Anyway, my aunt was pleasantly surprised by my presence and I was satisfied with her reaction - and with having her home, of course! Getting to walk around Portland in search of coffee and ending up at a Chinese restaurant at 10pm, catching up with my aunt over tea and fried bananas made all my efforts worth it.

Also, we both got the same fortune from the fortune cookies we gave each other... Coincidence? I think not.

01 November 2013

Sleepovers in College?

In college, there's not really much thought given to "sleepovers," unless it's with a member of the opposite sex. I did not have many sleepovers when I was younger, but the ones I did have were not always pleasant.
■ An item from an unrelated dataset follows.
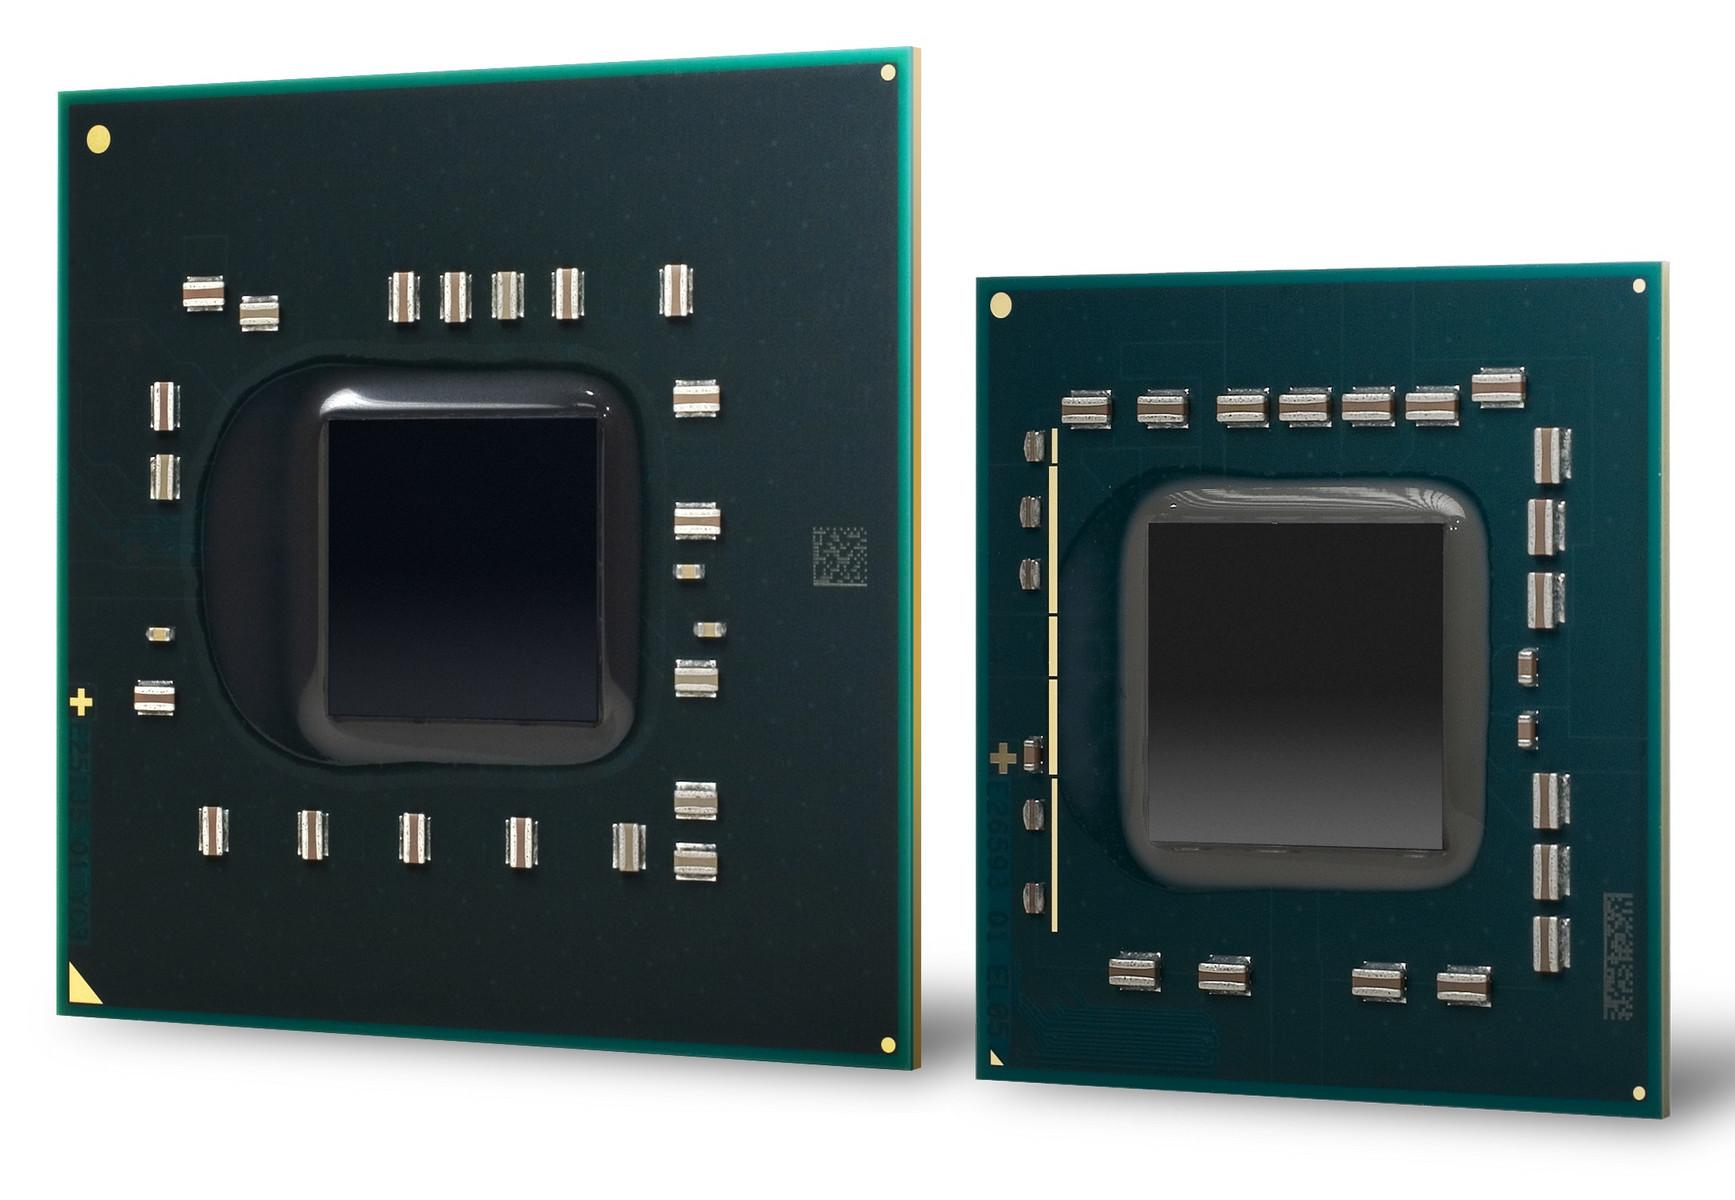 Peaceably Intel Graphics Media Accelerator Intel Graphics Media Accelerator Ati Radeon Hd 4200 Driver Windows 10 Free Download Ati Radeon Hd 4200 Driver Windows 10 64 Bit Download dpreview Ati Radeon Hd 4200 Windows 10
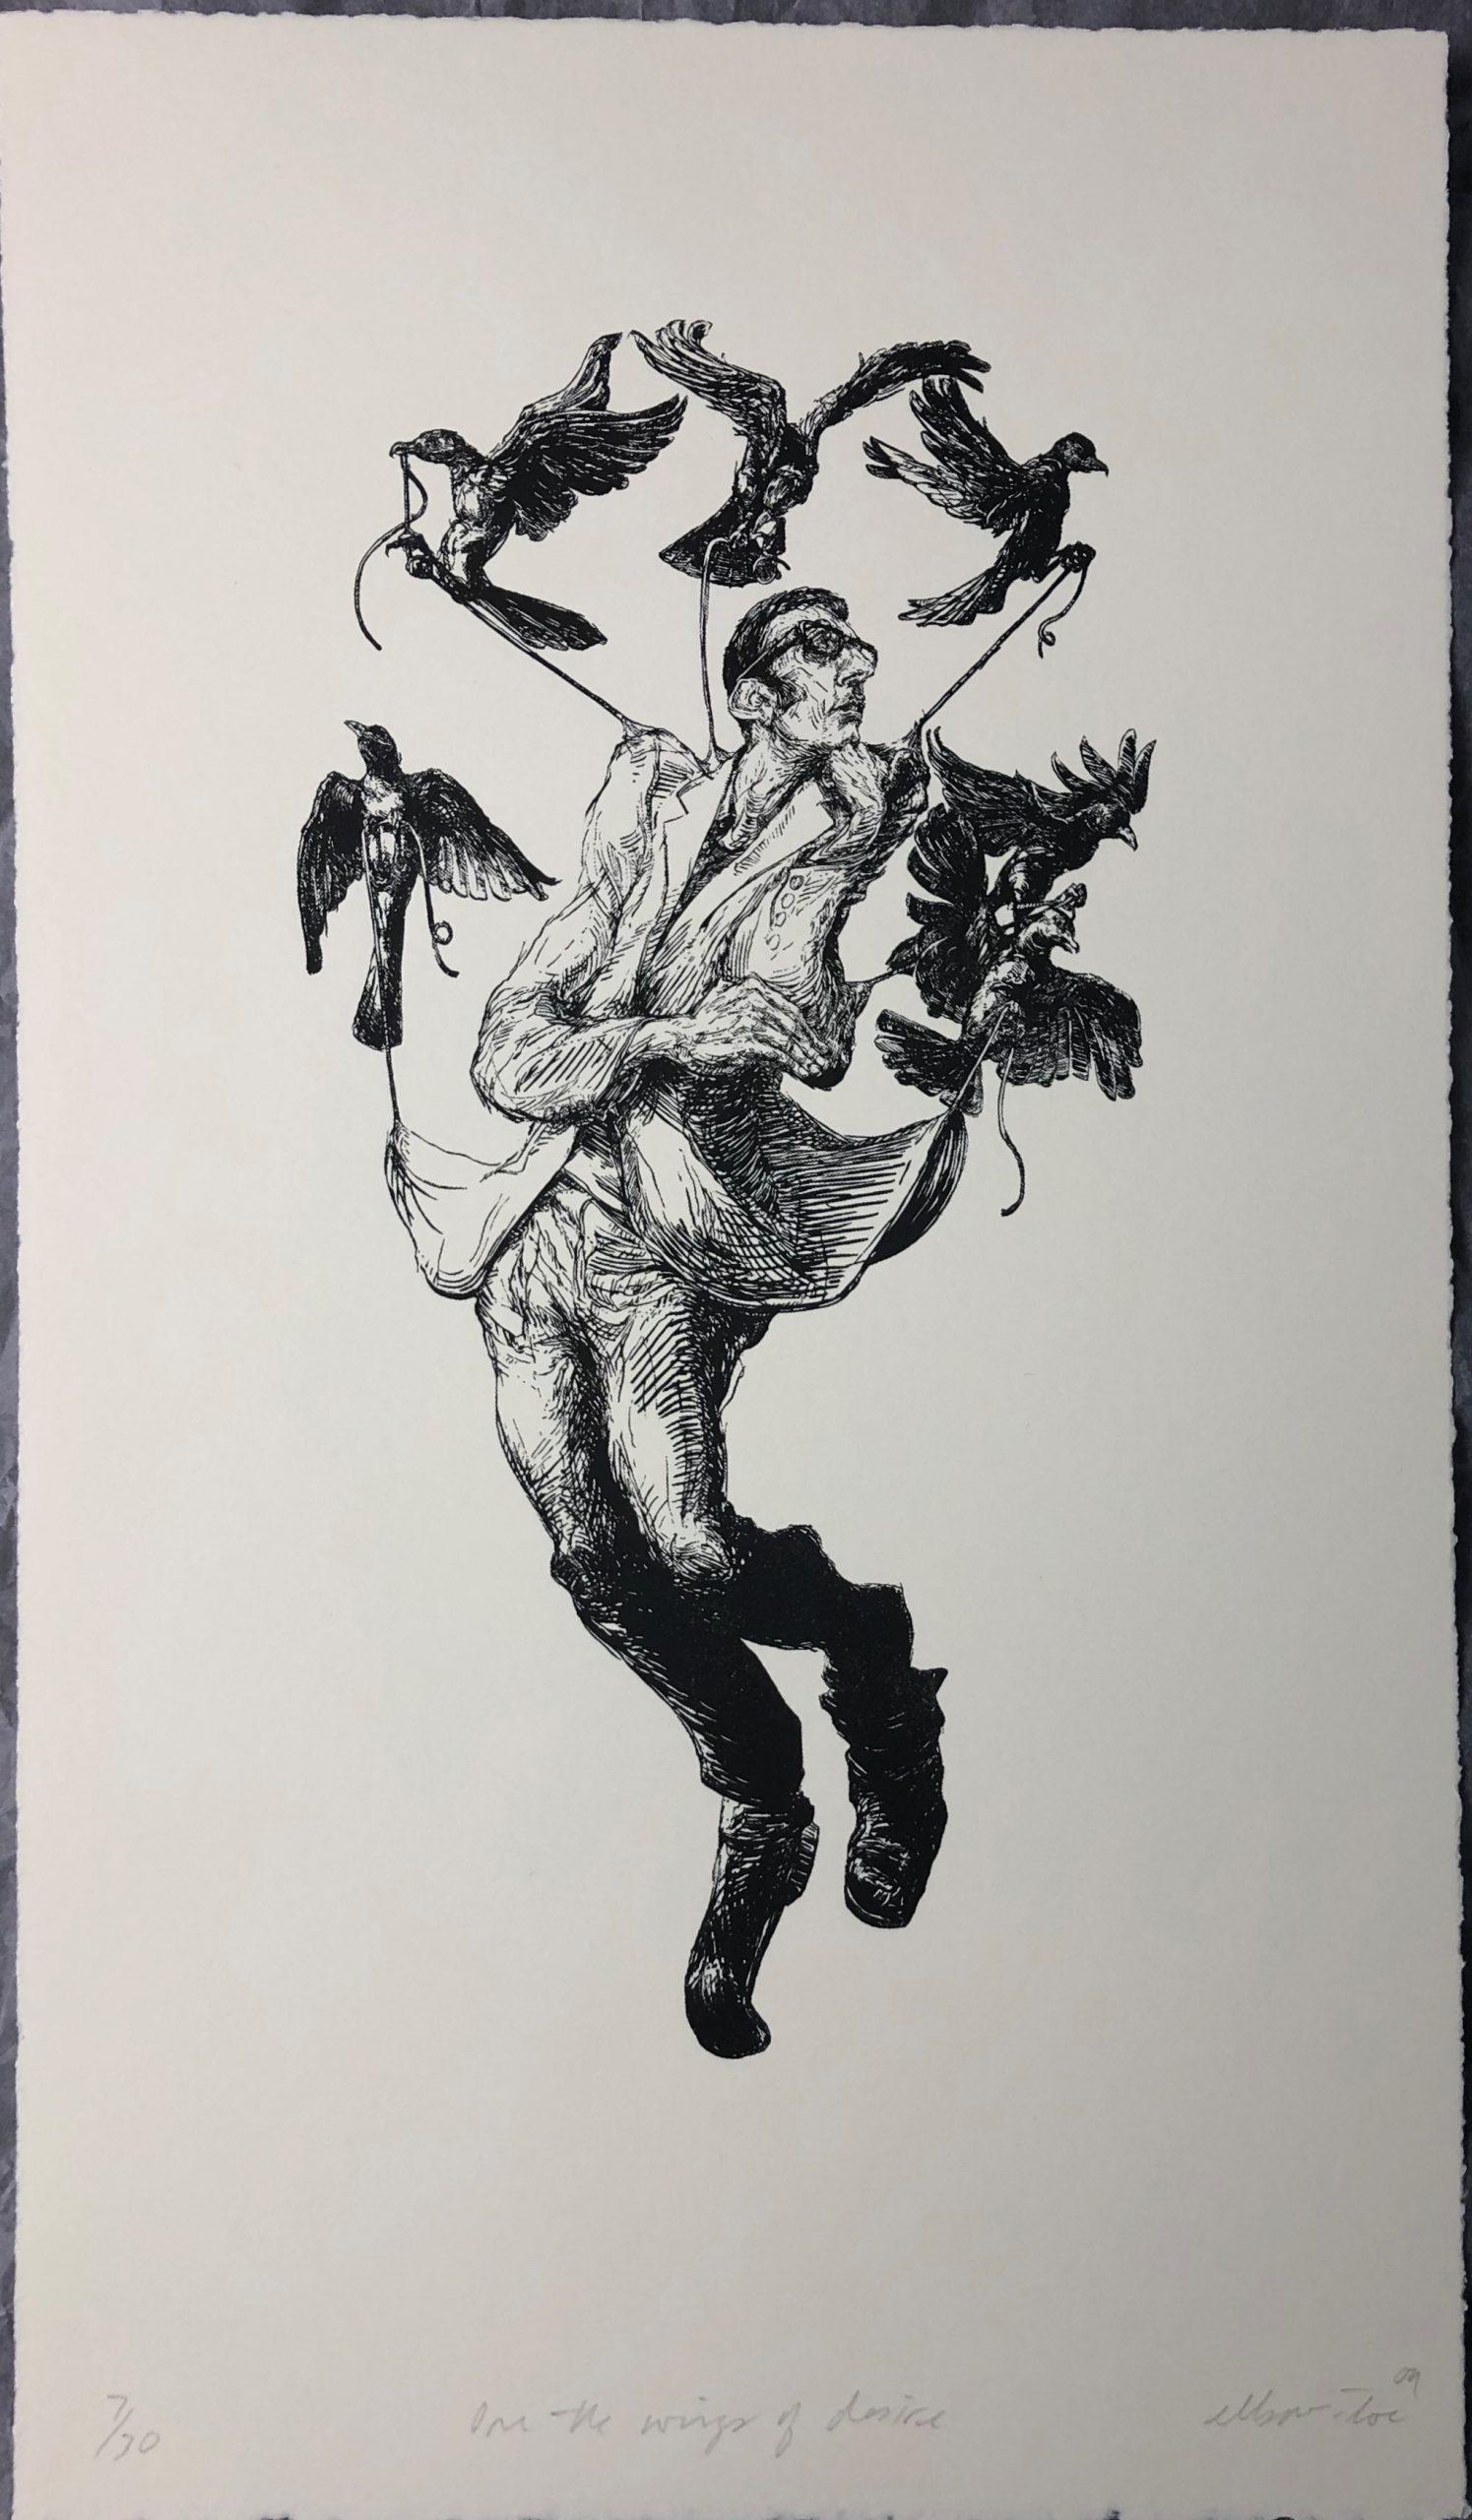 "Elbow Toe ""On the Wings of Desire"" by Brian Adam Douglas aka Elbow Toe"

As a result, I appreciate the classic girls' night sleepovers; the ones with gossip sessions and lots of ridiculousness and giggling.

Now, my friends, God love them (because I sure do!), sometimes oblige my random whims. Like, for instance, having a sleepover in their room, despite having my own room and bed just across the way.

Anyway, it was a nice change from normal. We do frequently eat together, study together, and see each other outside of class, but it was fun to spend quality time together. We talked about things other than school and nursing - such a relief!

The communal self-care did wonders. For one, we reaffirmed our lunacy when together. We got a decent amount of sleep too!

Champurrado

Ingredients:
2 packets Coconut Maizepena (usually found in a Mexican tienda)
1 packet Chocolate Maizepena
1 gallon milk
1 disk Mexican chocolate (I used the brand Abuelita)
1 cinnamon stick
Brown sugar to taste

First, bring the majority of the gallon of milk to boil with the cinnamon stick. Break the chocolate disk into smaller pieces and set aside until the milk has begun to boil. Add in the chocolate pieces. While the chocolate is dissolving, mix the Maizepena into the remainder of the milk. It will be hard to mix as the Maizepena will thicken the solution, but once it is thoroughly dissolved add it into the boiled mixture. Add brown sugar to taste.

The mixture will need to be mixed occasionally to keep from congealing. Serve warm with pan dulce, as pictured below.